§ **PROBLEM**
Under this line sits a listing. Repeat exactly and only its lines from the one holding "Graffiti word ART" through the one holding "ARM & HAMMER"; skip pictures.

§ **MATERIAL PROVIDED**
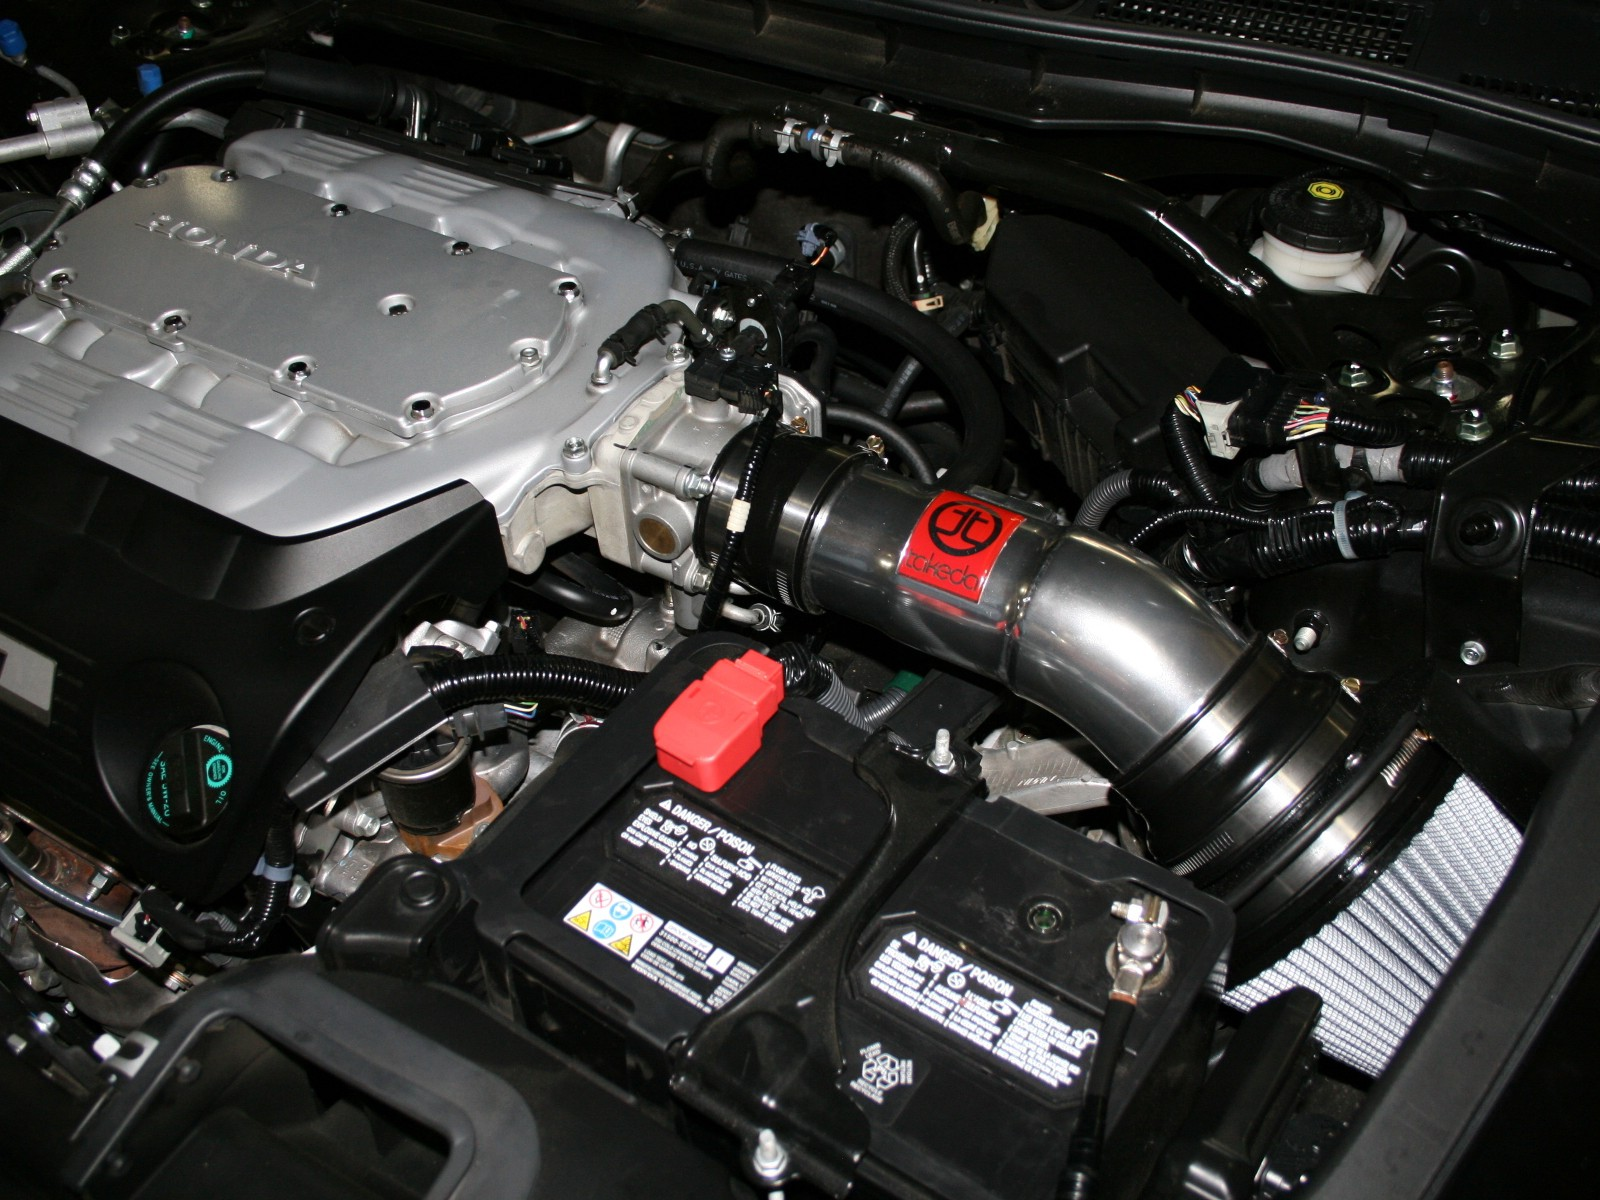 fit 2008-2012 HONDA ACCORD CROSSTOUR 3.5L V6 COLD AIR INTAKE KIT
...
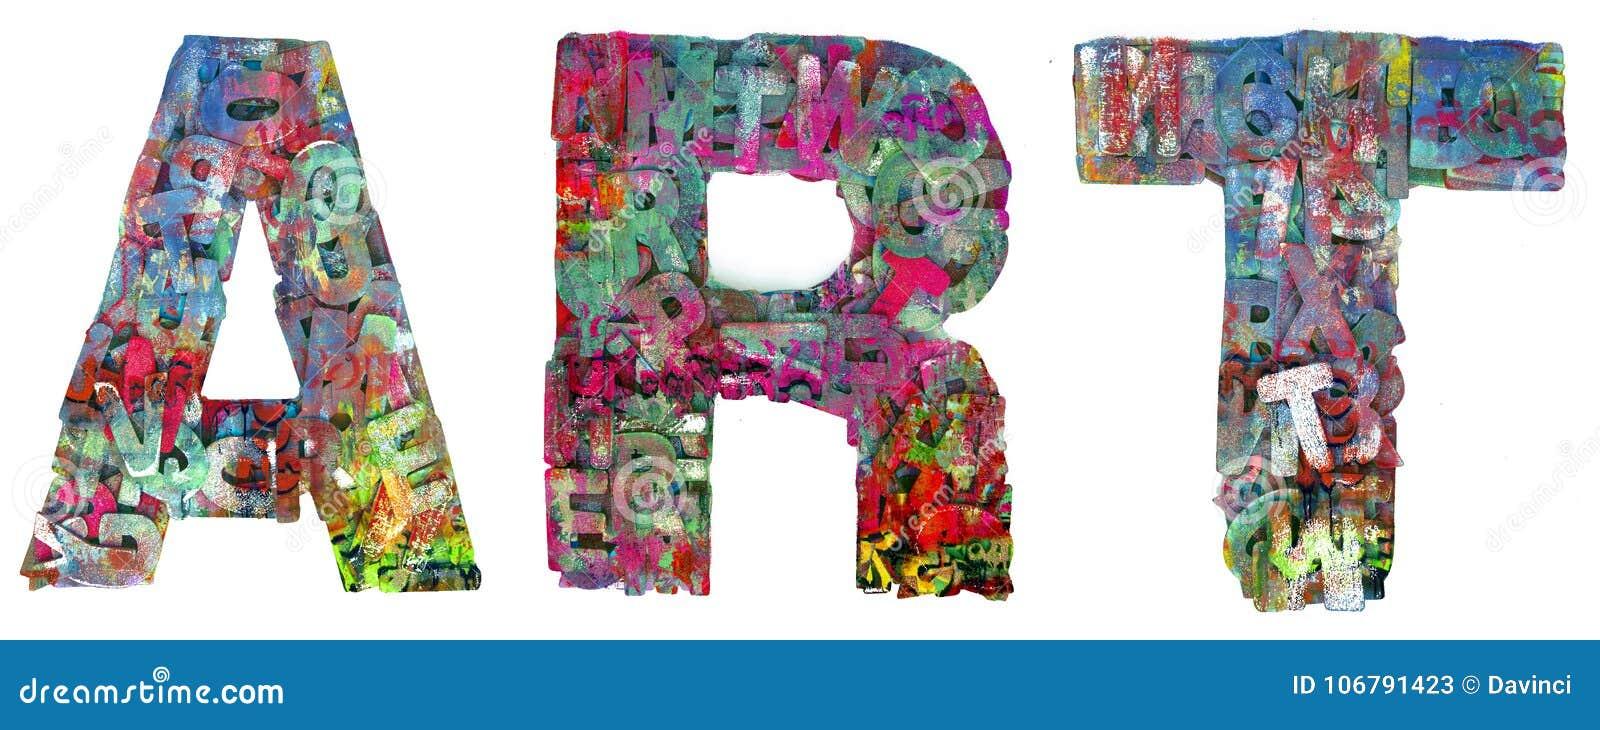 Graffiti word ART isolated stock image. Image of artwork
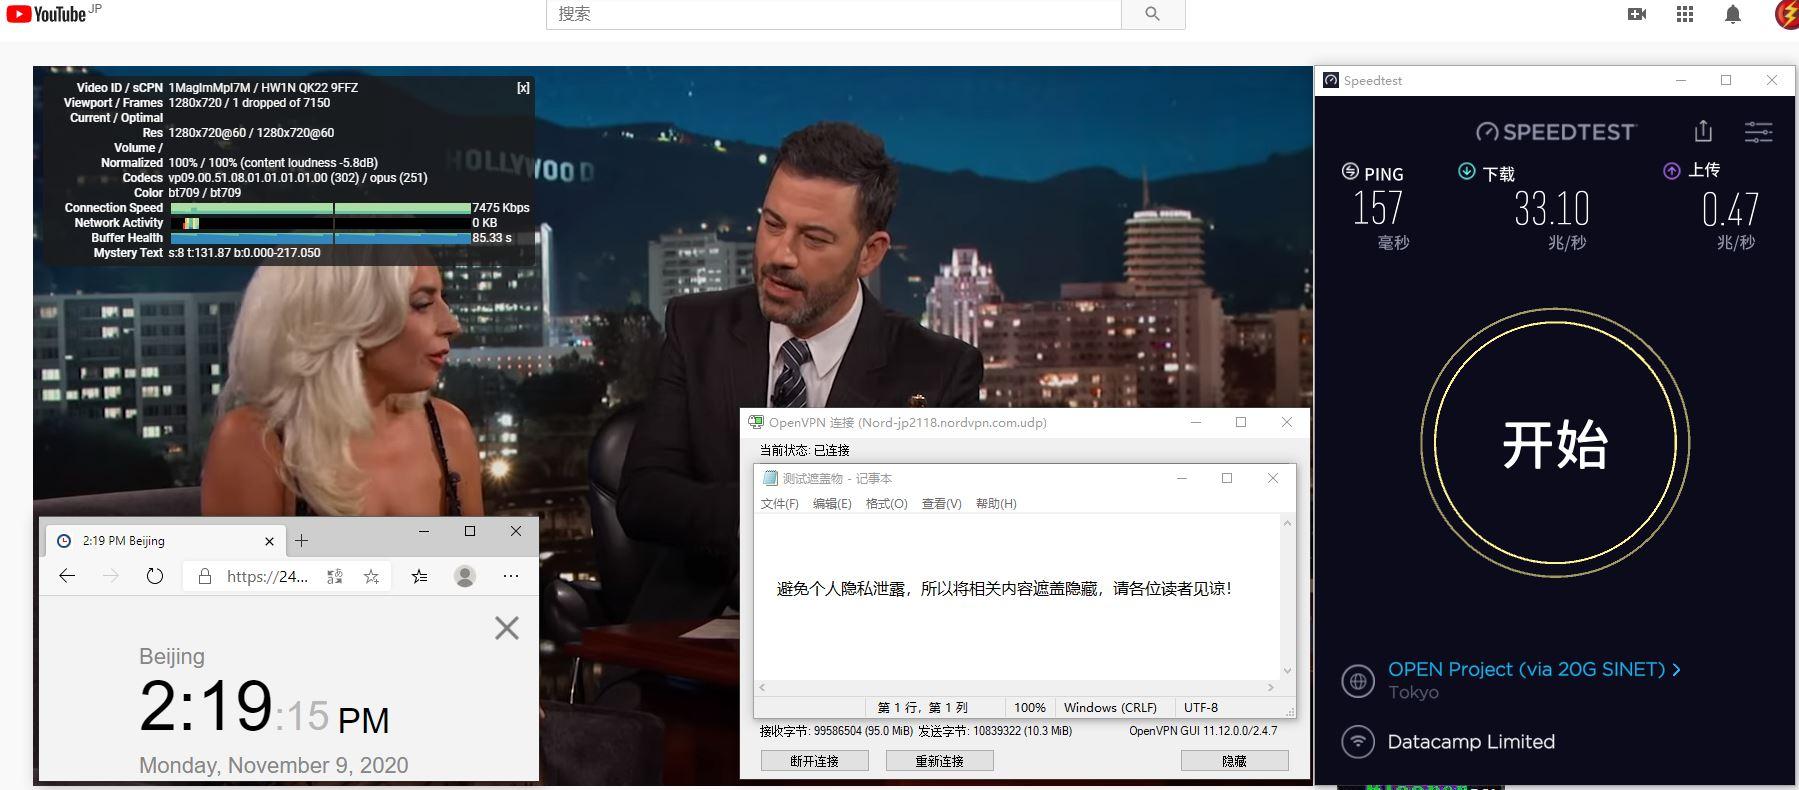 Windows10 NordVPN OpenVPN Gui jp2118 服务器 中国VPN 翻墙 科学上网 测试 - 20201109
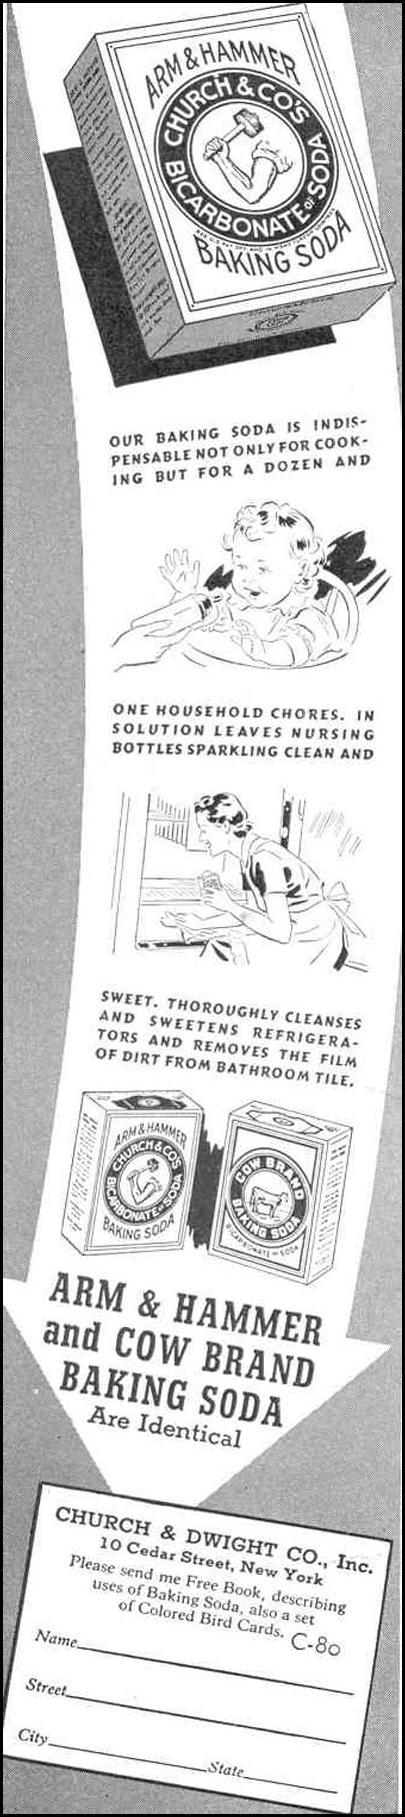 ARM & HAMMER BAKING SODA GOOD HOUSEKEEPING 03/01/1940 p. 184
...
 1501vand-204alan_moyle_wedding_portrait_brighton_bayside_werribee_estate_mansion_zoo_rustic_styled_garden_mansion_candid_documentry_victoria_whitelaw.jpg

§ **EXERCISE RESULT**
 Graffiti word ART isolated stock image. Image of artwork
 Windows10 NordVPN OpenVPN Gui jp2118 服务器 中国VPN 翻墙 科学上网 测试 - 20201109
 ARM & HAMMER BAKING SODA GOOD HOUSEKEEPING 03/01/1940 p. 184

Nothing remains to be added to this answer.